Hundreds of pounds and hours are invested in producing or commissioning the best costumes, making the reproductions as exact as possible… but there’s plenty of room for those who just want to throw something together or marvel at everyone else’s hard work.

“It is a wonderful community that has grown greatly in the past 15 years both locally and internationally,” said Ben Harrison of Q-Con. 

“It brings fellow cosplay enthusiasts and artists together to have a bit of fun and to create something that can be appreciated by all.

“For some it’s even a gateway to a creative career in film and television that they are passionate about.”

The Cosplay community has been burgeoning for years in Northern Ireland and Q-Con is the hub for hundreds of devotees. Across the weekend watch out for the wonderful costumes in and around Queens.

A Cosplay Fashion Show, Cosplay Blind Date and Cosplay Talent Show are among the many events at Q-Con over the weekend.

Hosted by QUB Dragonslayers Q-Con promises a host of events, including an appearance from the creator of the classic game ‘Doom’, John Romero, who will challenge you “to beat him at his own game” as well as an exclusive meet and greet.

With 26-years-experience behind their belts the volunteer Dragonslayers know how to lay on three days of fantastic – in all senses – experiences.

“Since we began in a few rooms at Queen’s with 150 people Q-Con has exploded in popularity and excitement,” said Ben. 

“We’re working hard to make 2019 even better. From video gaming to tabletop gaming, or live text adventure in The Dark Room, through to our cosplay events we are packing the weekend out.”
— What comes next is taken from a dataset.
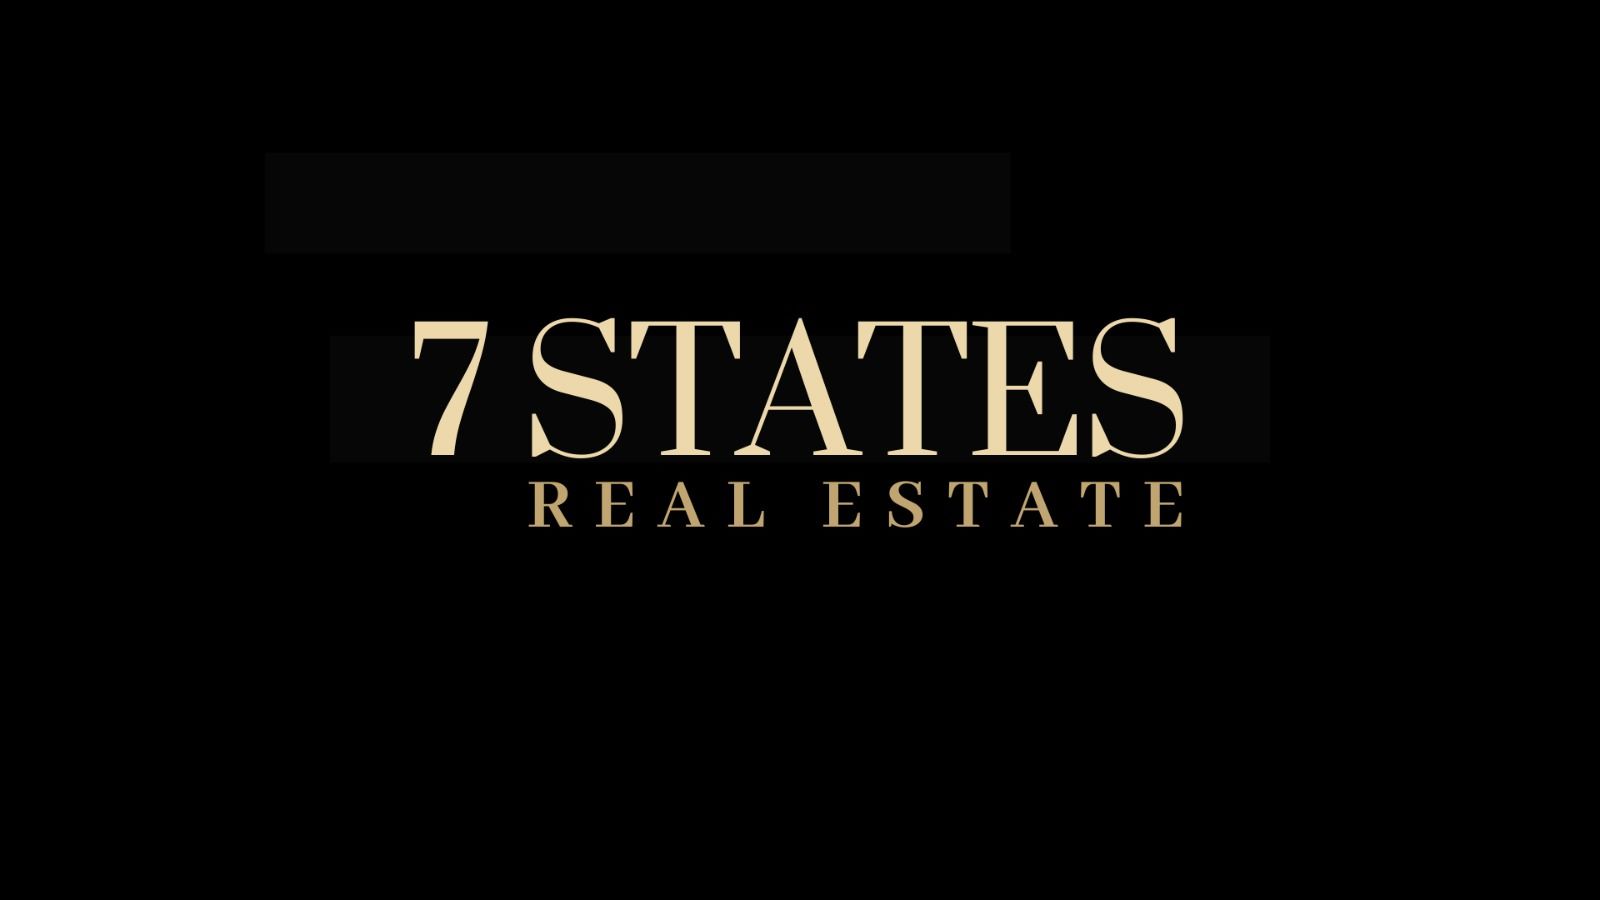 7 States Real Estate

Designed by gaming and anime fans Q-Con attracts people from across the UK and Ireland and further afield, with last year seeing a five percent increase in attendees. People from all ages are present throughout the weekend, with Sunday being especially accessible for families.

“When we see so many people around the university district coming along on trains, buses and in cars dressed up as their favourite comics, games and anime characters it shows just how popular gaming and anime has become, and how Q-Con caters for a demographic so often missed by the mainstream media,” added Ben. 

Taking place across the Queen’s campus, including the Whitla Hall, Elmwood Hall, Queen’ Film Theatre, the Computer Science Building and many other venues it is essential to plan your weekend to pack as much in as you can.